Thank you, OpenTofu!
You've brightened our days, and many people around the world are grateful for this change.
The people of moscowia should be isolated from modern society
until they have earned trust by beginning with internal reforms.
IANAL but this change doesn't seem to make sense from any sort of "sanctions" perspective. Sure, block sanctioned countries from accessing your website or registry, etc - that makes sense. But removing providers? That doesn't seem to be related.
The thing that makes this *super* f'd up is the fact that #1 - There is no commentary from the group members explaining this or what the policy change is (the few linked TSC documents are just about registry, not about providers). #2 - There is no explanation in the PR and no linked bugs. #3 - The super vague "remove some providers" title.
It's clear OpenTofu devs were trying to slide this change in under the cover of darkness and hope no one noticed. Which makes zero sense for an OPEN source project.
You don't have to like the providers, you don't have to support them. You can even say they are actively deprecated due to the inability to test/support said providers (which totally would make sense). But just to straight out remove functional code with zero warning, notice or explanation? Super scummy.
So, you are saying, OpenTofu is like Russia, and can use scummy methods. Basically, this is OK for closed dictatorship.
But there are a lot of "good" people, supporting Ukrainians, that still claiming that ClosedTofu is open source.

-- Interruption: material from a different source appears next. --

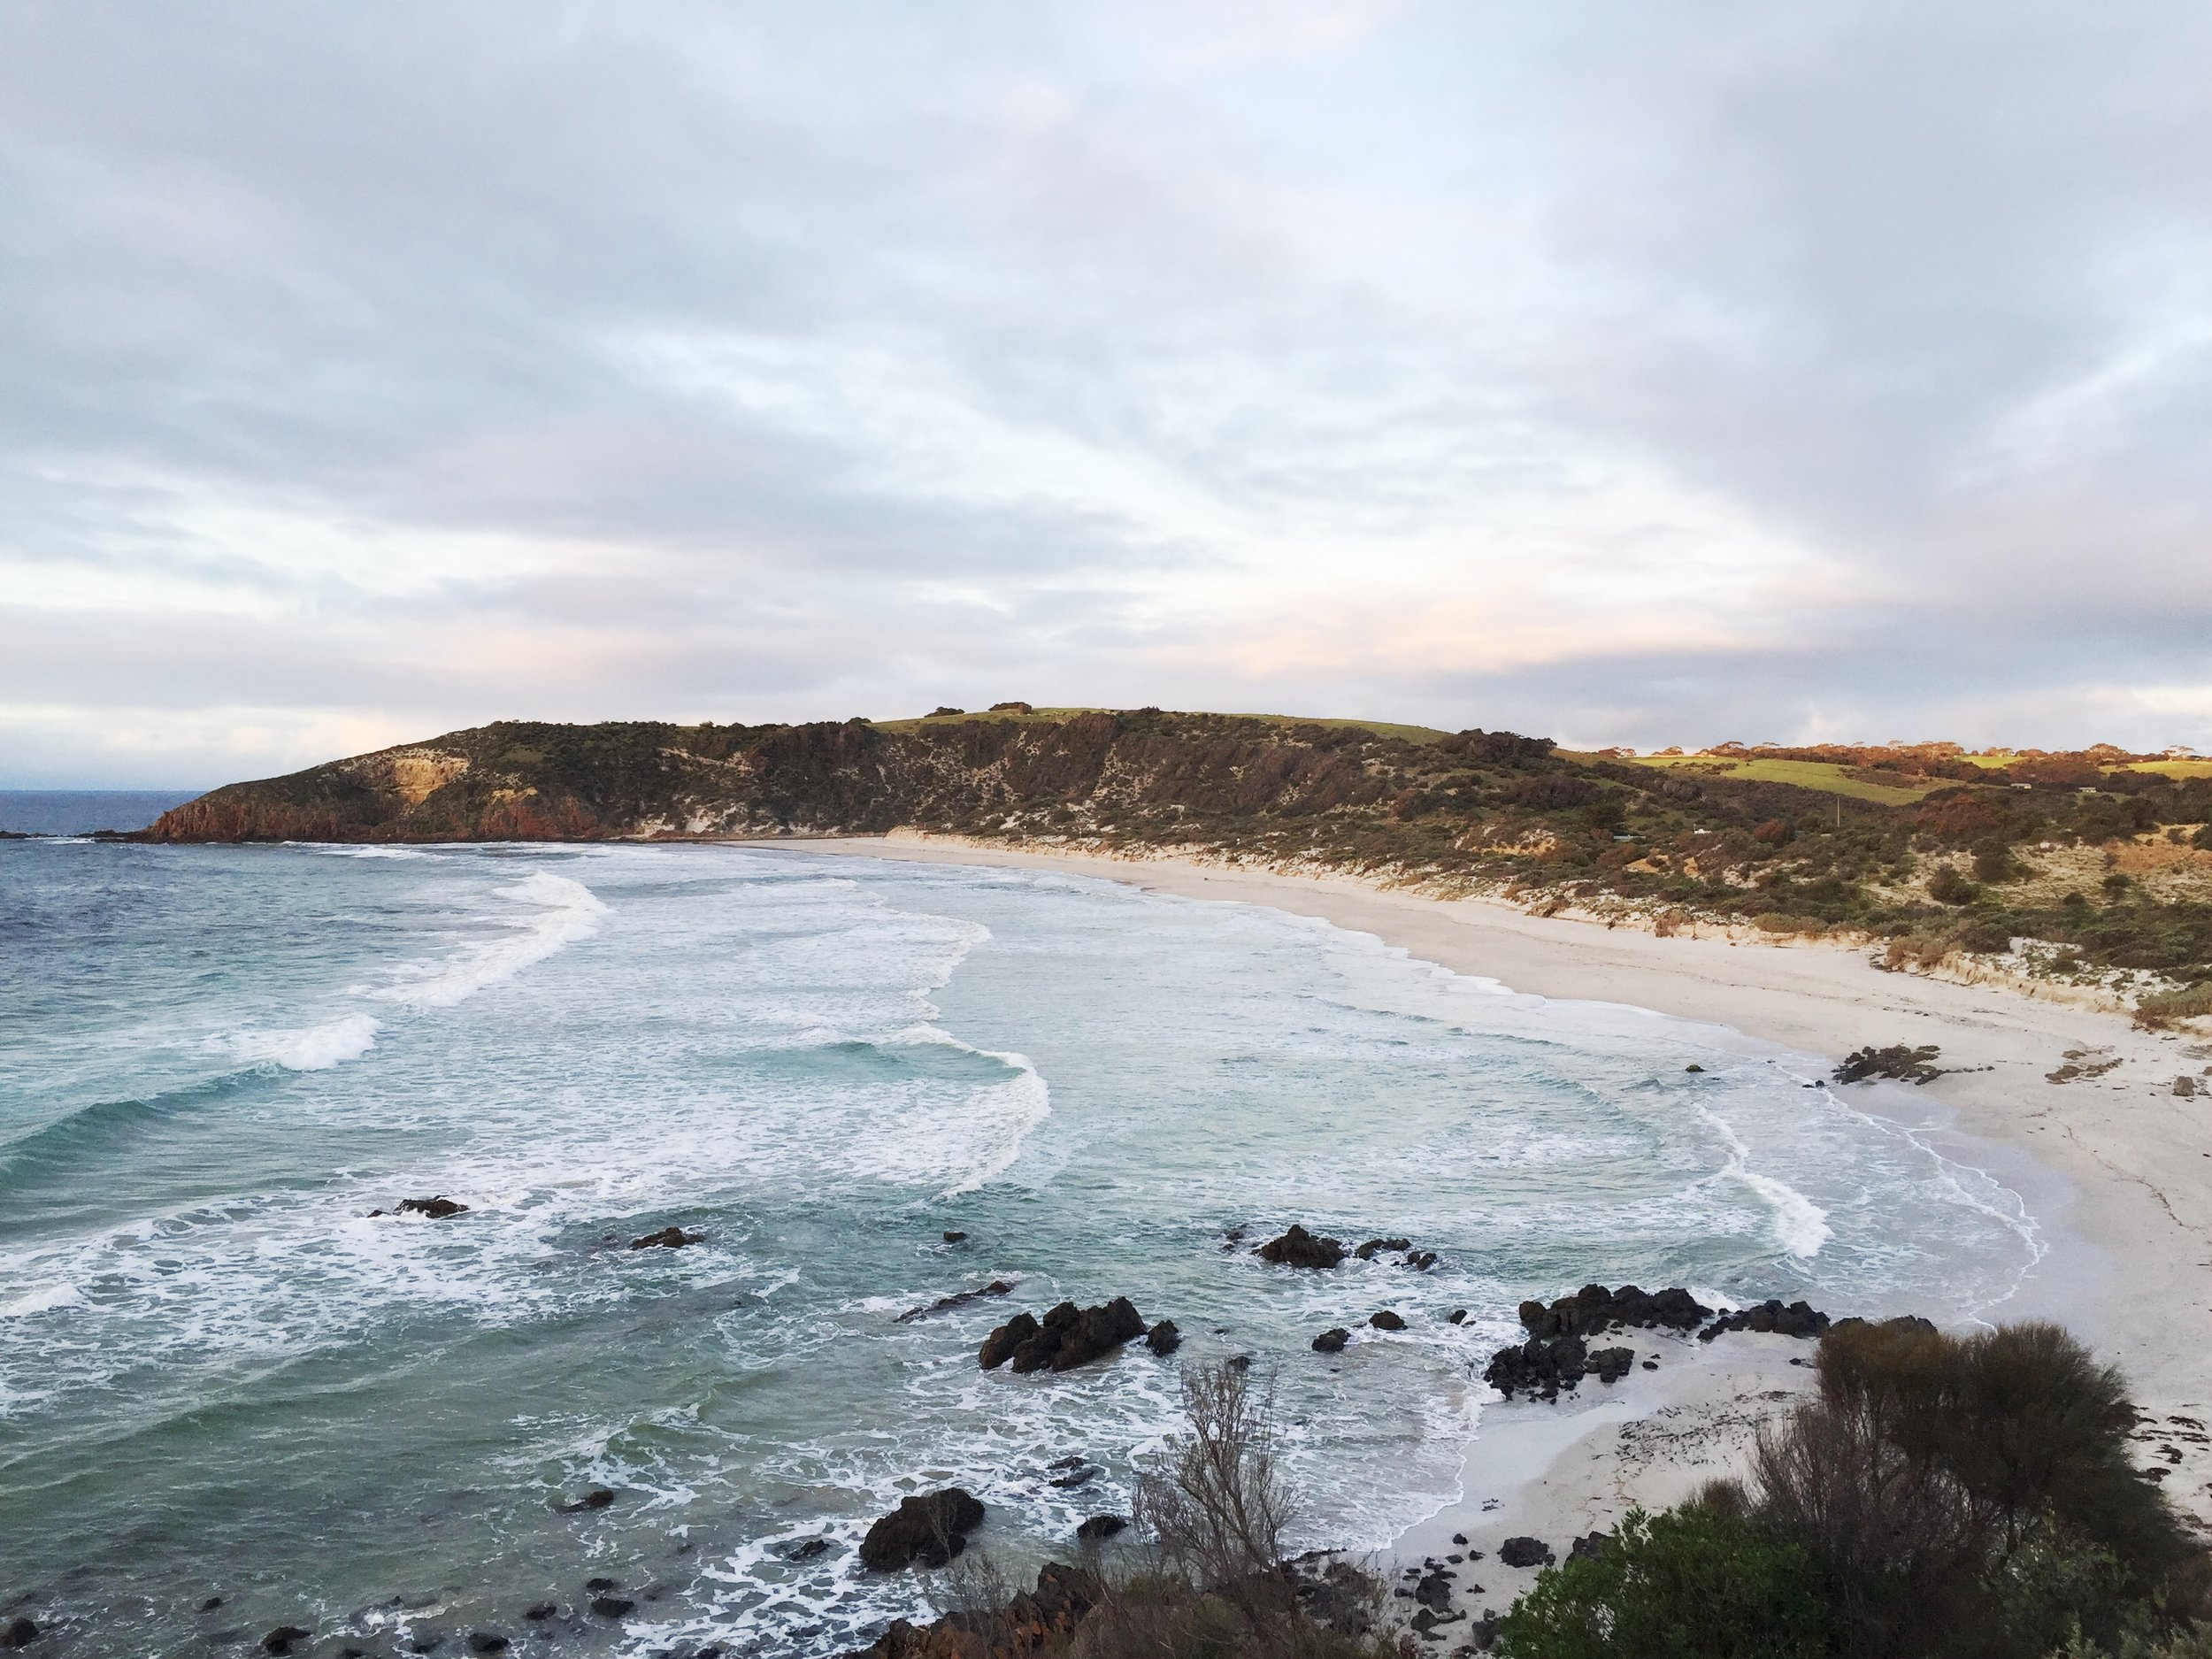 Hike and explore Australia's gorgeous coastlines

So, basically, it is about hypocrisy. Either you are voting that OpenTofu is same garbage as Russia, so it can use scummy things, either you are saying that OpenTofu should be open source, and this change should be reverted.

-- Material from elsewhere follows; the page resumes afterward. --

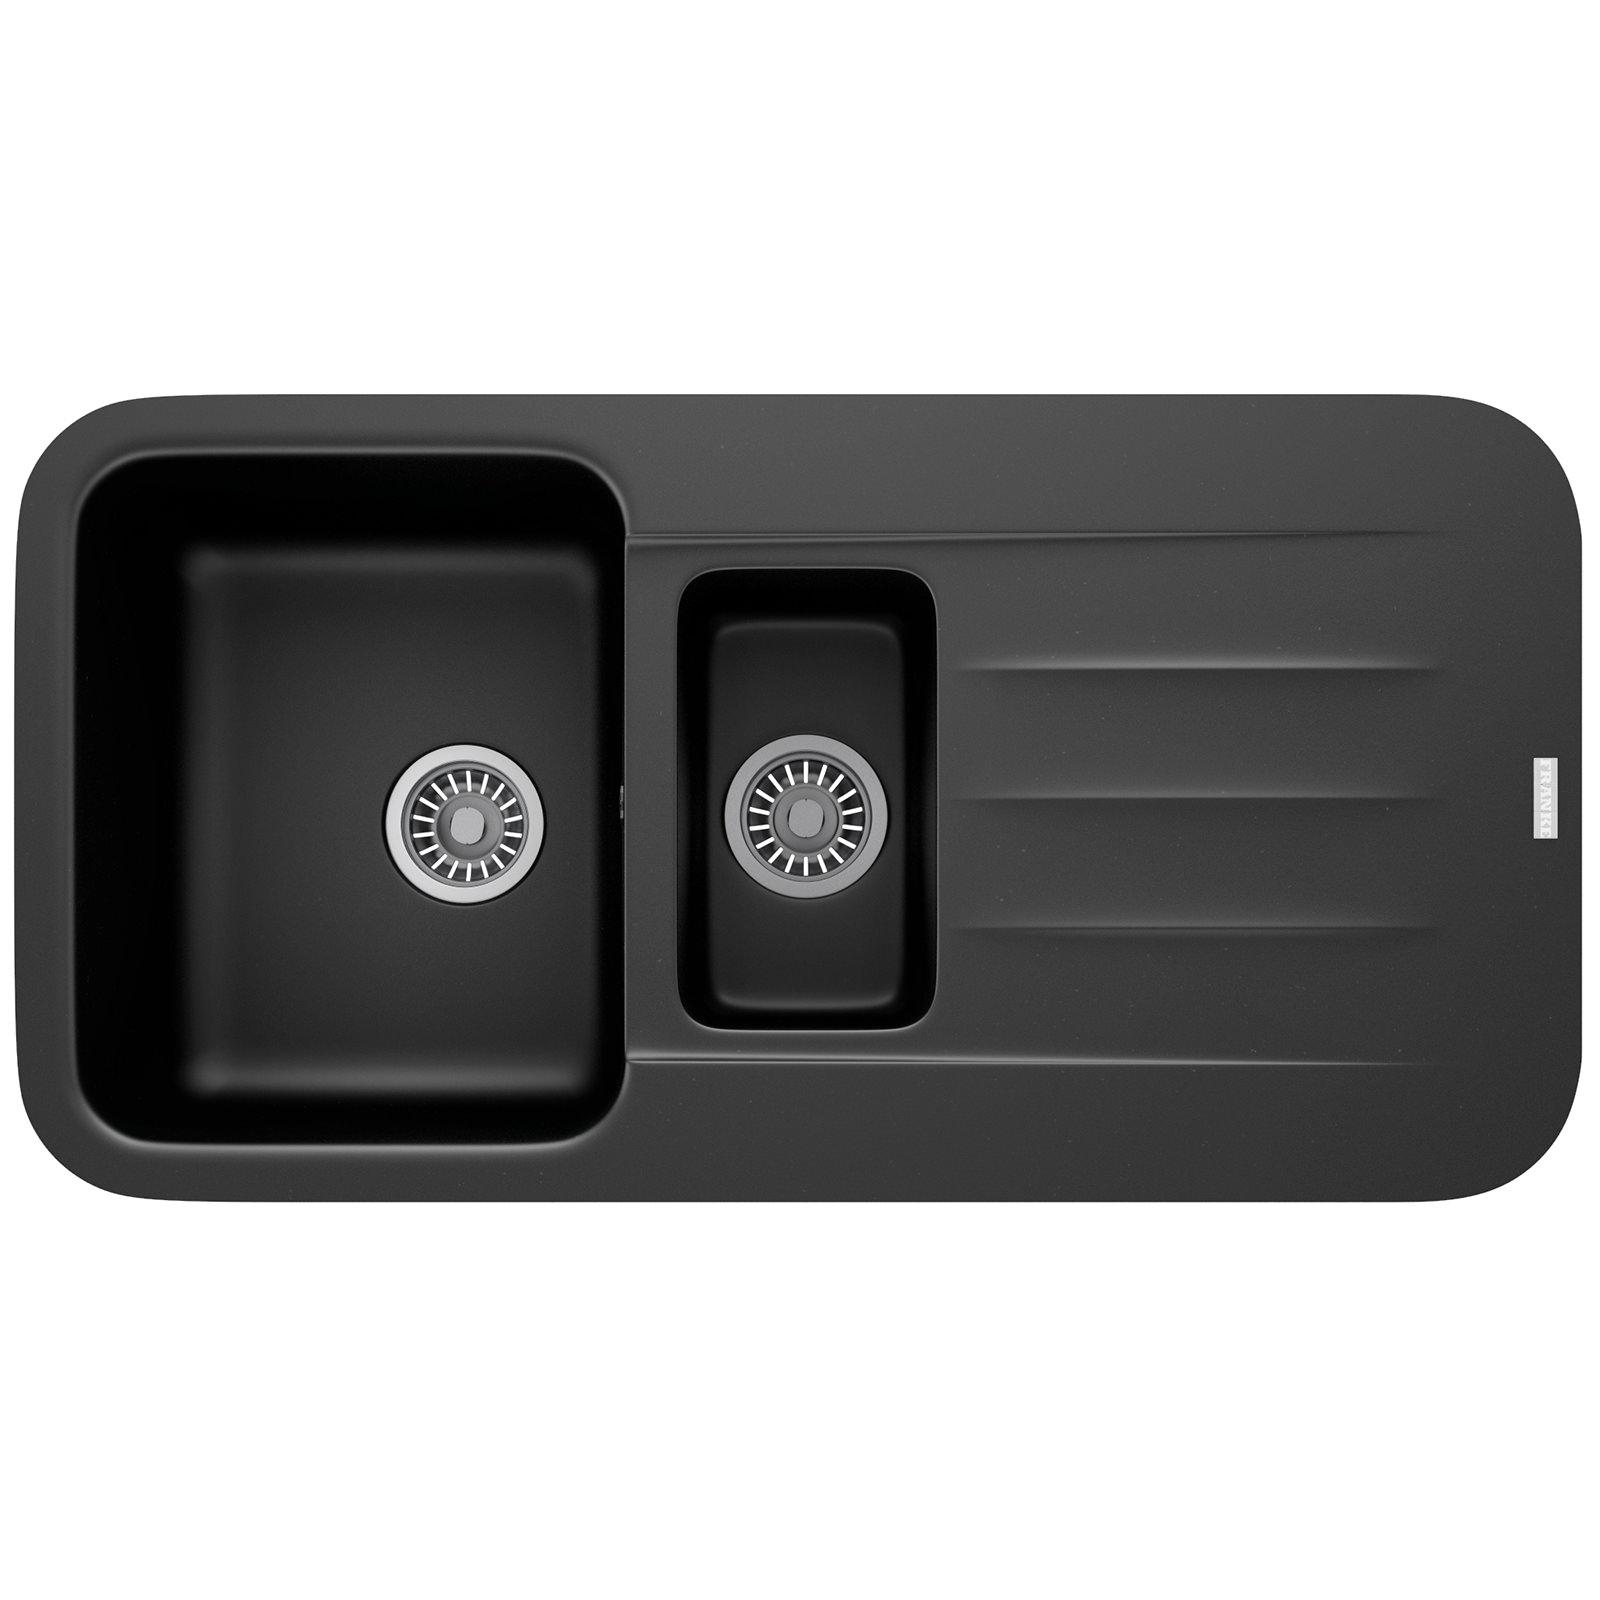 Franke Impact Sink : Franke Pebel PBG 651 Fragranite Onyx 1.5 Bowl Inset Sink 114.0251 ...

And if you saying, that OpenTofu is still open source, and do not revert that change, then, well, you are just hypocrite with low brain activity.
and I'll bet most of them are like "TotallyJoeMcNuggets" with .ru emails and <10 repositories that are either scraping or CTF tasks or anti-malware tools.
As a new user of OpenTofu, I find this disheartening. But if I try to put myself in the shoes of "the Ukranian dev", I can understand it.
Then I think about the United States' past (and present) wars of aggression overseas, and I can only imagine what a bad reputation american citizens must have all over the world. I'm sure many strangers must hate my guts without knowing me at all, and they have good reason for it.
But ultimately I think that pull/817 is discriminatory against a group of people, and therefor in violation of Github's TOS.
I hope OpenTofu's core devs can have a change of heart. And as hard as it might be, I hope "the Ukrainian dev" can have one too.
And who knows, maybe even Putin himself will be capable of a change of heart.
> so that valuable features and fixes are accepted based on their value to the community, regardless of their impact on any particular vendor.
- https://opentofu.org
It’s sad that everything revolves around politics these days. They claim sanctions but it’s quite obvious this is just the personal opinion of the team.
I'm an outsider (not a contributor or related to parties in the suspected "political" origins, and had not created an HN account until now) but it was pretty easy to find the reason behind the change. Scroll down and there's the unanimous decision to block Russian access from registry due to sanctions.
> Sanctions Russia vs registry access
>
> Add note to README during PR documenting this discussion in TSC_SUMMARY
> Block Russian IP Blocks from accessing our registry in Cloudflare
>
> Decision
> Vote: unanimous yes
Now if you want to blow this out of proportion you certainly can. Turn on the conspiracy tap of "trying to slid this in under the cover of darkness" but the fact of the matter is the Technical Steering Committee decided on something and acted on it, as their role grants them the power to do so. Anything else is just assumption.
In TSC I see IP block is mentioned?
What do you mean by "Russian" access? From Russia? By people with Russian passport? By employees of Russian company? What if I live in Kazahstan and want to use Yandex.Cloud datacenter located there: https://yandex.cloud/en/docs/troubleshooting/business/how-to...?
Russian geological access or businesses with strong ties to Russia or suspected strong ties to Russia. Every other detail is to be decided by the governing body of the project, which in this case has happened.
Sorry, but I still don't see a point in your message, how it is related to cloud config files that are in the repo.
Open-source projects are not even covered by export control: https://www.linuxfoundation.org/resources/publications/under...
If it is some voluntary decision by "governing body of the project" to remove config files that have nothing to do with IP-filtering to access, than it is exactly what I mention as "unreasonably explain by sanctions".